We develop new techniques for proving lower bounds on the least singular value of random matrices with limited randomness. The matrices we consider have entries that are given by polynomials of a few underlying base random variables. This setting captures a core technical challenge for obtaining smoothed analysis guarantees in many algorithmic settings.

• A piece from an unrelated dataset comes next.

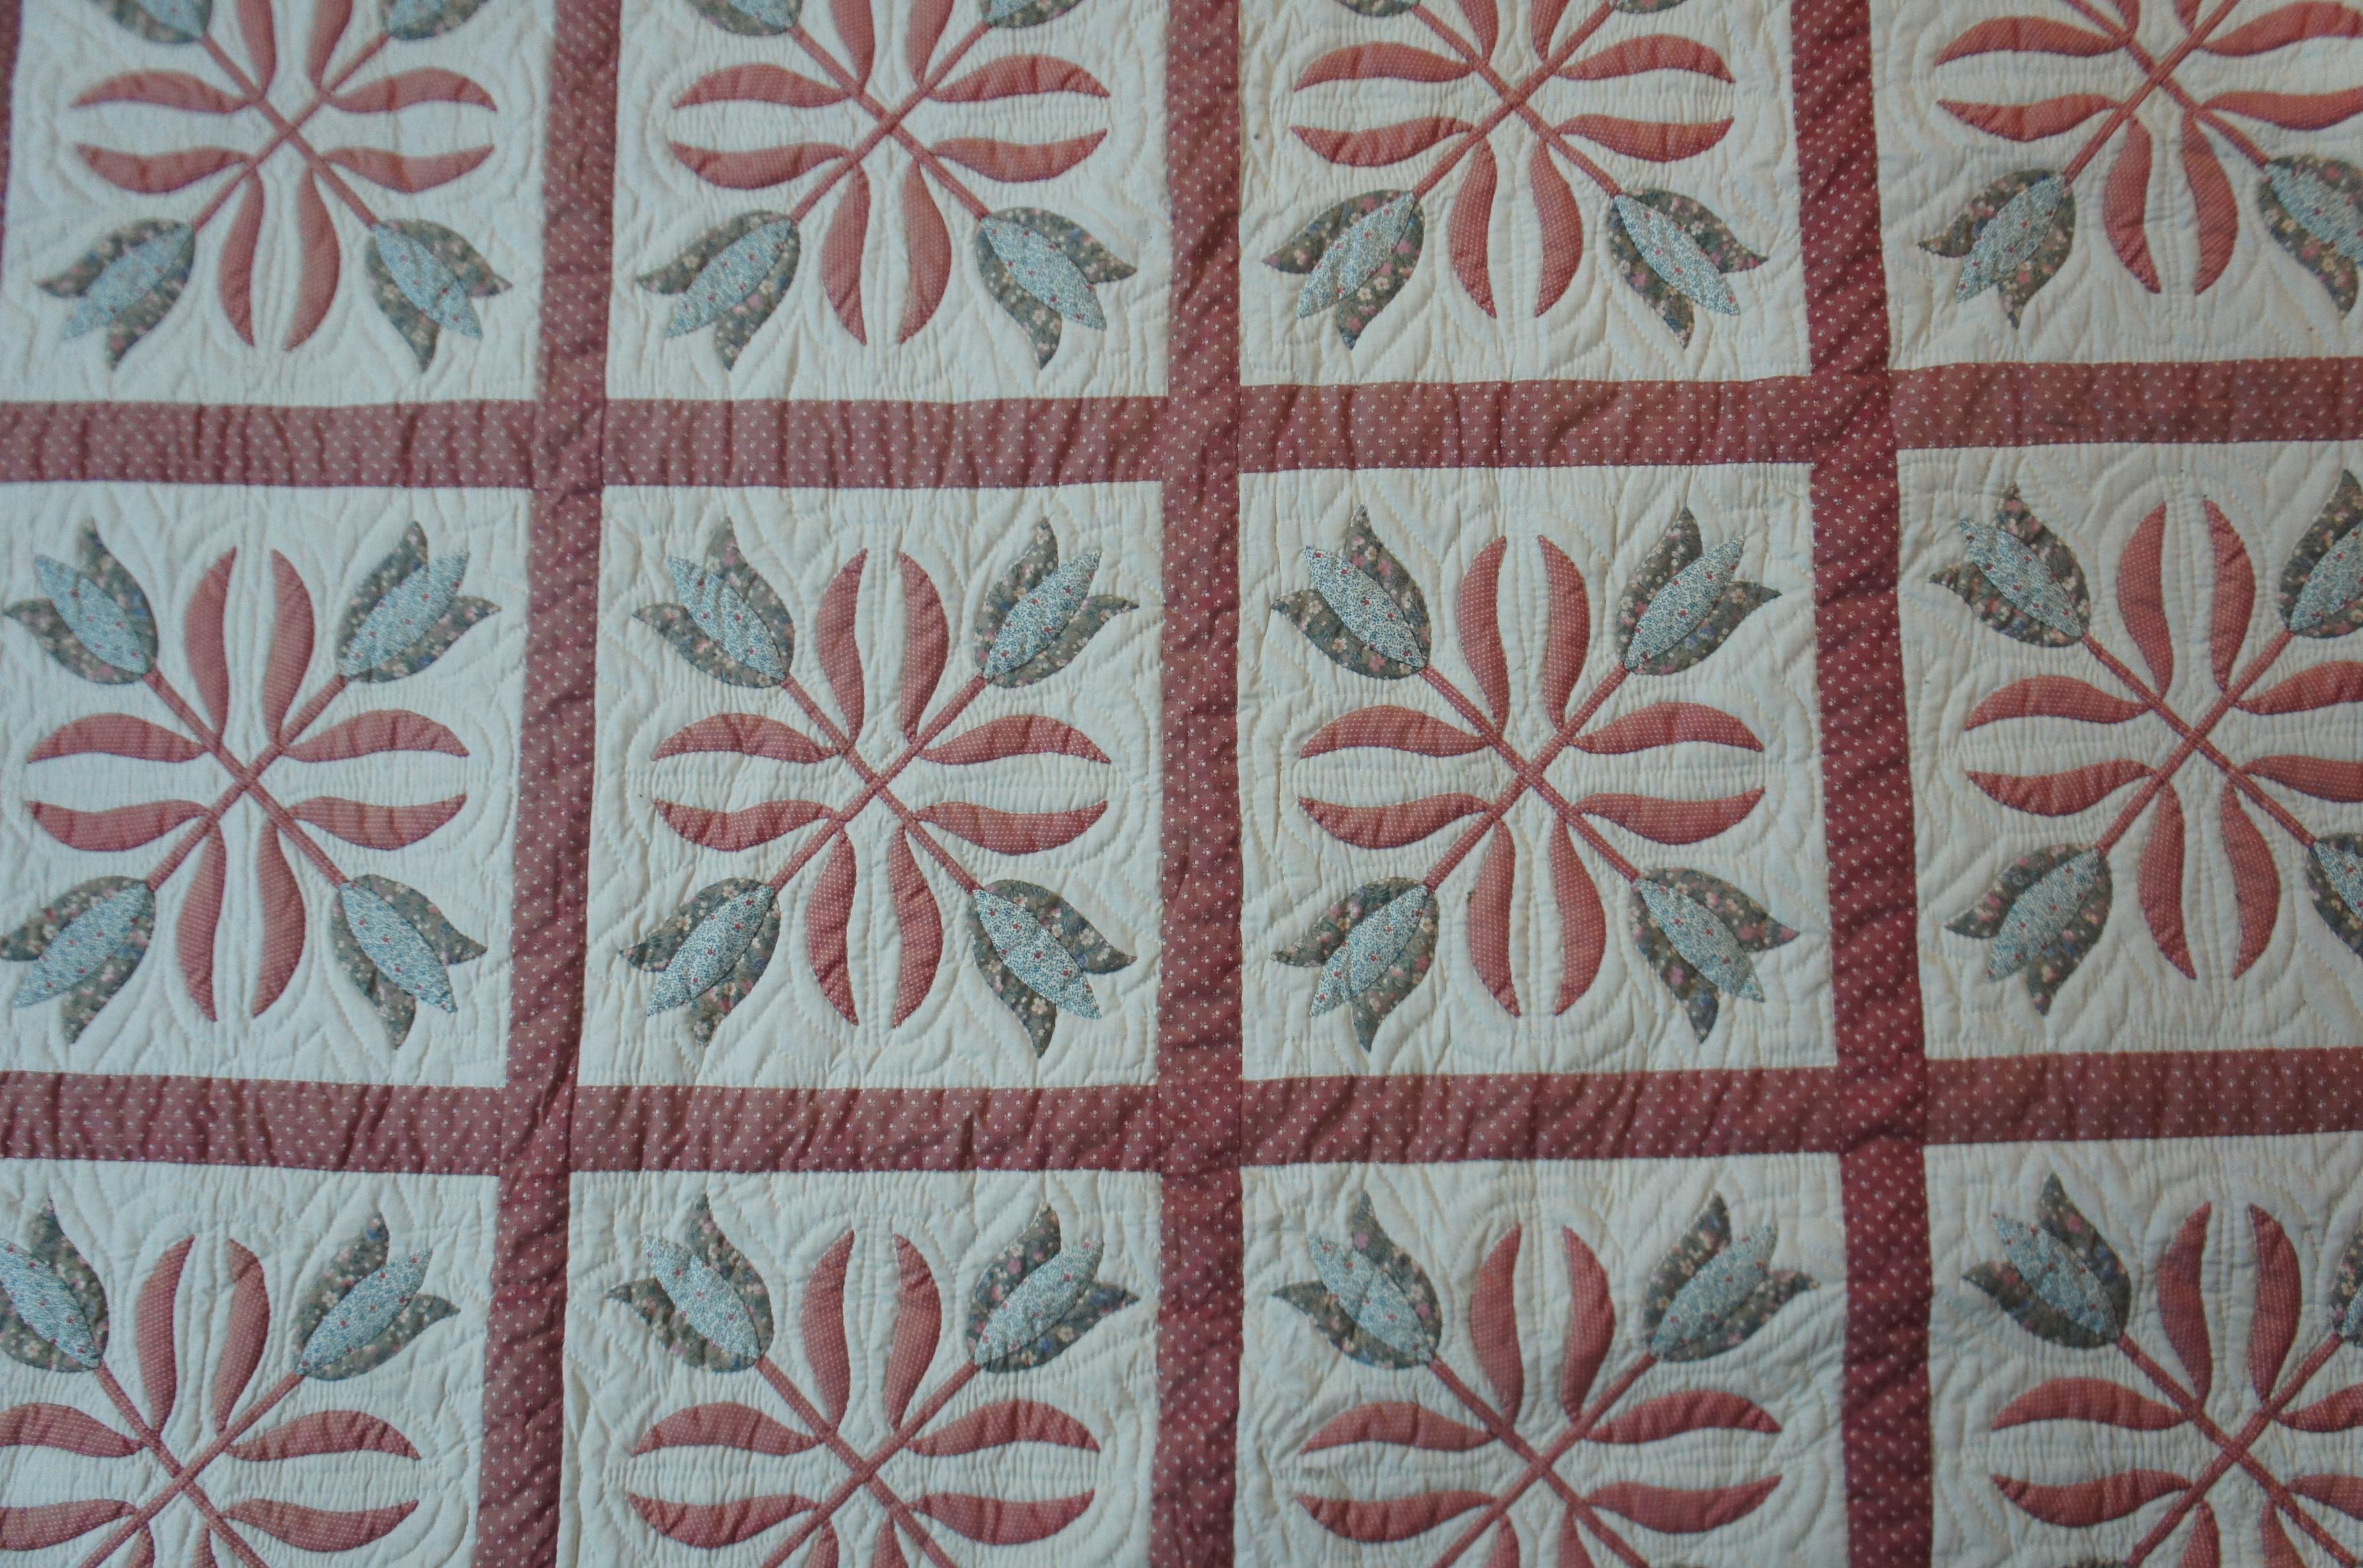 Cotton Vtg Hand Stitched Quilt Geometric Folk Art Tulips King Queen Blanket Bedspread For Sale

Least singular value bounds often involve showing strong anti-concentration inequalities that are intricate and much less understood compared to concentration (or large deviation) bounds. First, we introduce a general technique involving a hierarchical $\epsilon$-nets to prove least singular value bounds. Our second tool is a new statement about least singular values to reason about higher-order lifts of smoothed matrices, and the action of linear operators on them. Apart from getting simpler proofs of existing smoothed analysis results, we use these tools to now handle more general families of random matrices. This allows us to produce smoothed analysis guarantees in several previously open settings. These include new smoothed analysis guarantees for power sum decompositions, subspace clustering and certifying robust entanglement of subspaces, where prior work could only establish least singular value bounds for fully random instances or only show non-robust genericity guarantees.

翻译：我们开发了用于证明随机矩阵（仅具有限随机性）最小奇异值下界的新技术。所考虑的矩阵元素由少数基础随机变量的多项式给出。这一设定抓住了许多算法场景中获得平滑分析保证的核心技术挑战。最小奇异值下界通常需要证明强反集中不等式，这类不等式相较于集中（或大偏差）界限更为复杂且理解程度远逊。首先，我们引入一项通用技术——通过分层ε-网证明最小奇异值下界。第二个工具是关于最小奇异值的新结论，用于推理平滑矩阵的高阶提升以及线性算子对其的作用。除了为现有平滑分析结果提供更简洁的证明外，我们利用这些工具处理了更广泛的随机矩阵族，在若干此前未解决的设定中获得了平滑分析保证。这些新结果包括：幂和分解、子空间聚类以及子空间鲁棒纠缠认证的平滑分析保证——此前研究仅能为完全随机实例建立最小奇异值下界，或仅能证明非鲁棒的泛型保证。